---------- EXERCISE MATERIAL
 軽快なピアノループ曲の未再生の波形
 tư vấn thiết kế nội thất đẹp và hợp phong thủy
--------------------
---------- EXERCISE MATERIAL
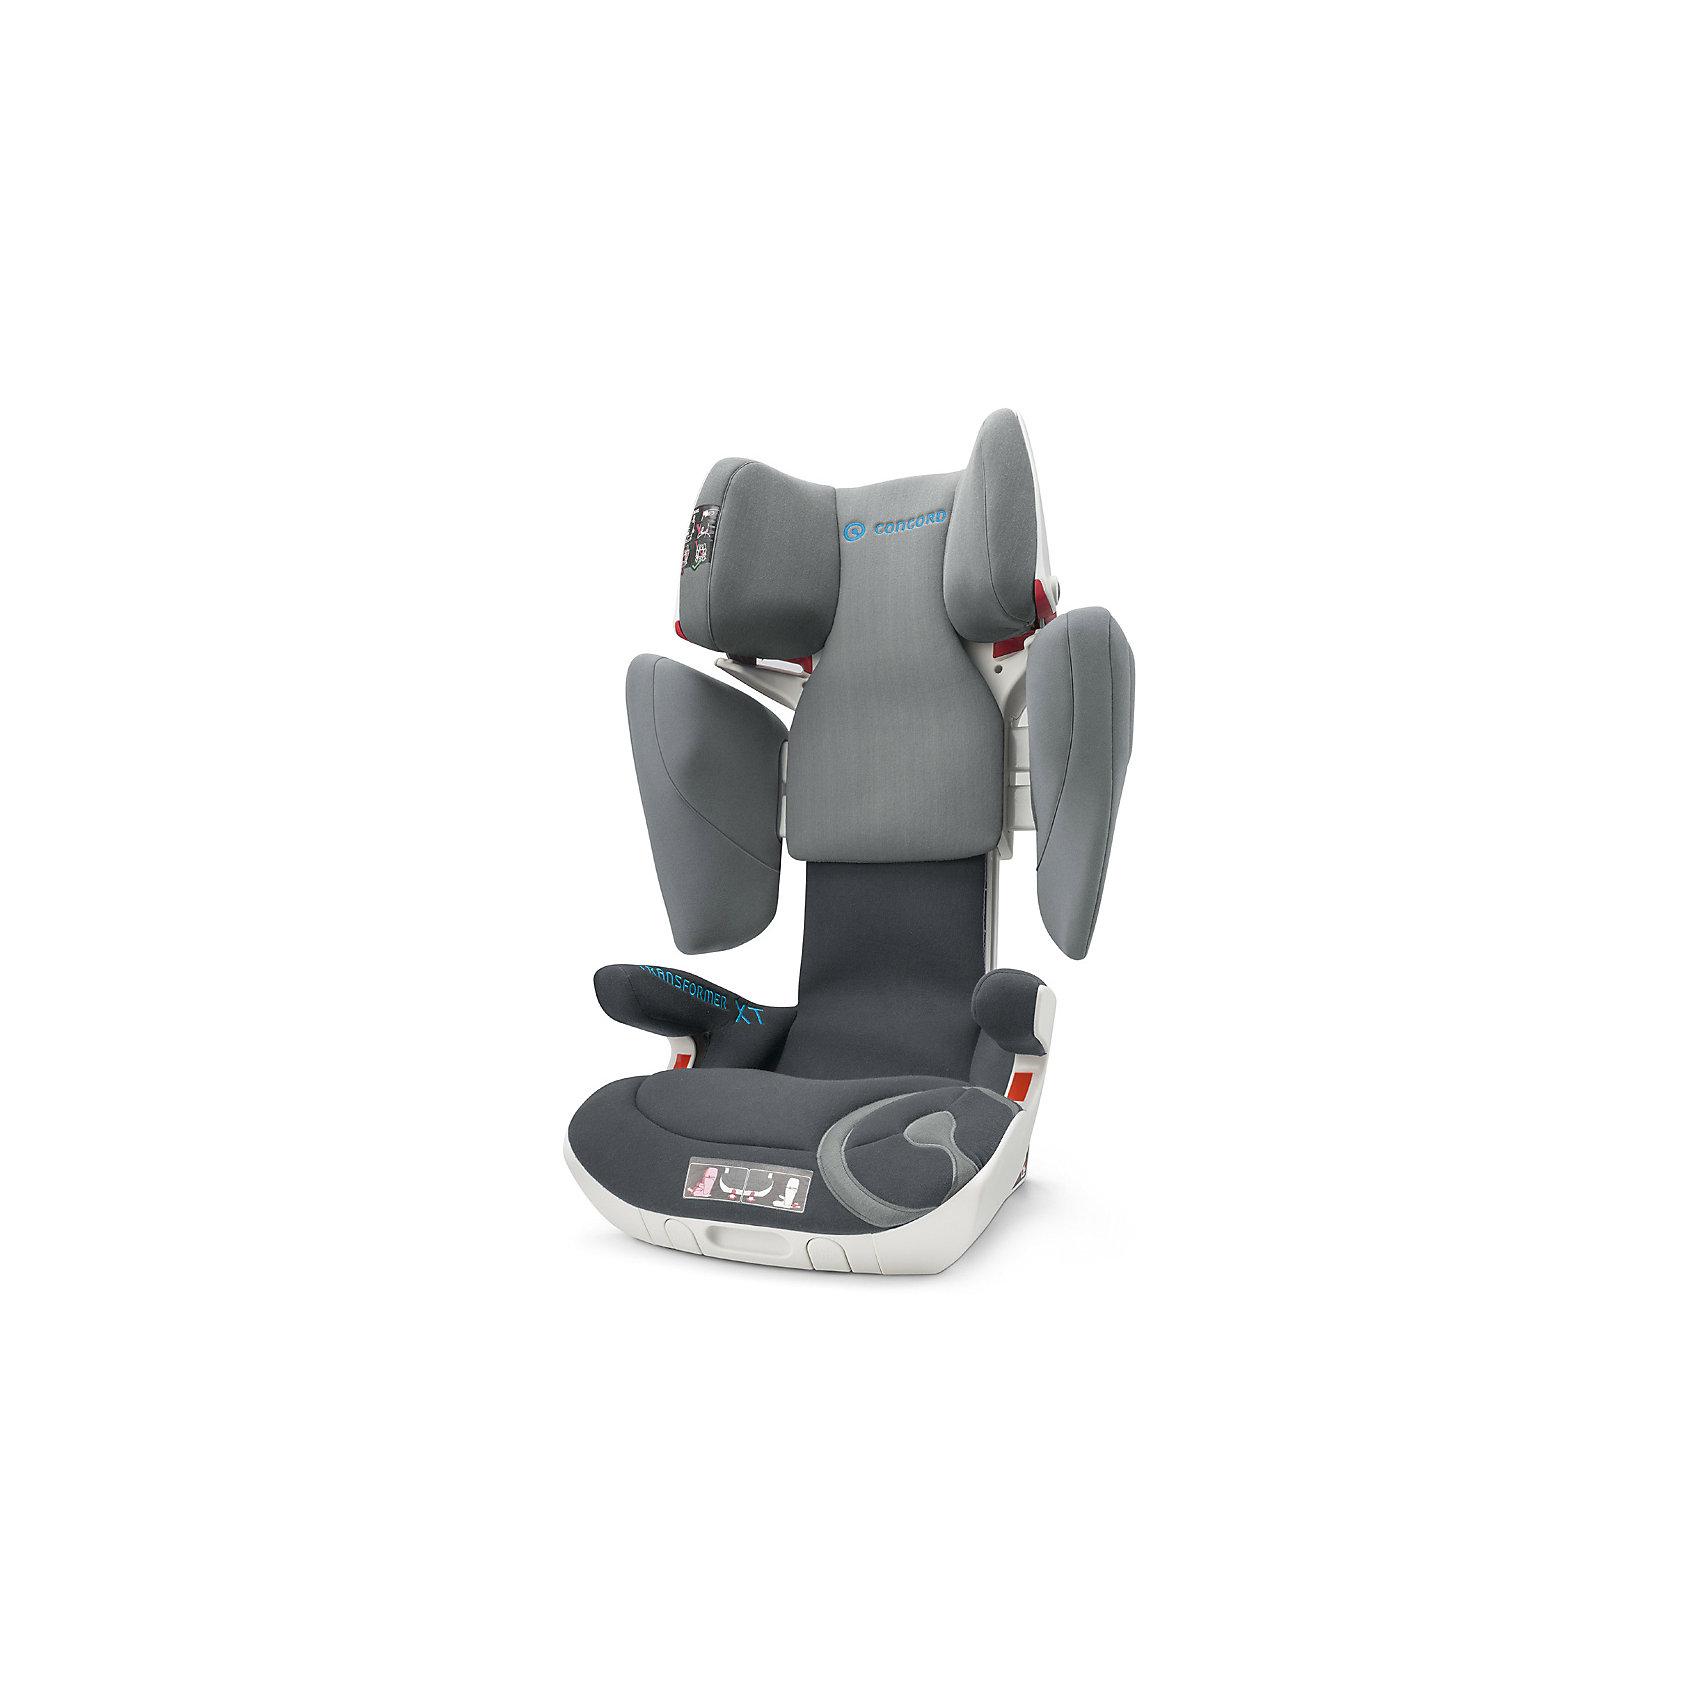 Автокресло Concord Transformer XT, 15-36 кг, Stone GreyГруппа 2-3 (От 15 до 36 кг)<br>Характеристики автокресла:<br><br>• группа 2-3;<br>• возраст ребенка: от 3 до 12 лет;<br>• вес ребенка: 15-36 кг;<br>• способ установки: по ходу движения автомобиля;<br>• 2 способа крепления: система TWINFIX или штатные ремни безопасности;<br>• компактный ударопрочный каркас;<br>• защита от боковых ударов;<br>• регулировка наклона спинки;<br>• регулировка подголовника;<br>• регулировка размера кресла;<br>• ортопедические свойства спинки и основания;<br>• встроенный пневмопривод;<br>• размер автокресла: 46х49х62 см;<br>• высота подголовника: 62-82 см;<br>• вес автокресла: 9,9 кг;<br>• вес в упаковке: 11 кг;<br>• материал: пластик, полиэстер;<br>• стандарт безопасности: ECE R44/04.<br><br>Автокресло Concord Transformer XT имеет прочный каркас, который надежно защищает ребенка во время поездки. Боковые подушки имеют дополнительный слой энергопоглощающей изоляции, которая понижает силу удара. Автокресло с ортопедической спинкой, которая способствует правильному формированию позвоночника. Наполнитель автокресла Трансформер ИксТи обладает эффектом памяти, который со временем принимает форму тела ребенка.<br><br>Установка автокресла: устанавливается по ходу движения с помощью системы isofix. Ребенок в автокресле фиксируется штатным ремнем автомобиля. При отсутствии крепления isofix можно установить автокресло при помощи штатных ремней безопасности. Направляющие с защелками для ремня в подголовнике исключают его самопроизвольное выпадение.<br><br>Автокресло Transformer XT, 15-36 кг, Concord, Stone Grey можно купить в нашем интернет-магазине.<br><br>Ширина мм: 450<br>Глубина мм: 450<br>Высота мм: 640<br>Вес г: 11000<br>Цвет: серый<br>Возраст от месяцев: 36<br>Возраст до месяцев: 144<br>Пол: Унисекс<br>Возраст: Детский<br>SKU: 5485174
--------------------
YOUR ASSIGNMENT =>
From the line that has "軽快なピアノループ曲の未再生の波形" through the line that has "tư vấn thiết", copy every line exactly as it appears above, and leave out all others.

WRITTEN RESPONSE =>
 軽快なピアノループ曲の未再生の波形
 tư vấn thiết kế nội thất đẹp và hợp phong thủy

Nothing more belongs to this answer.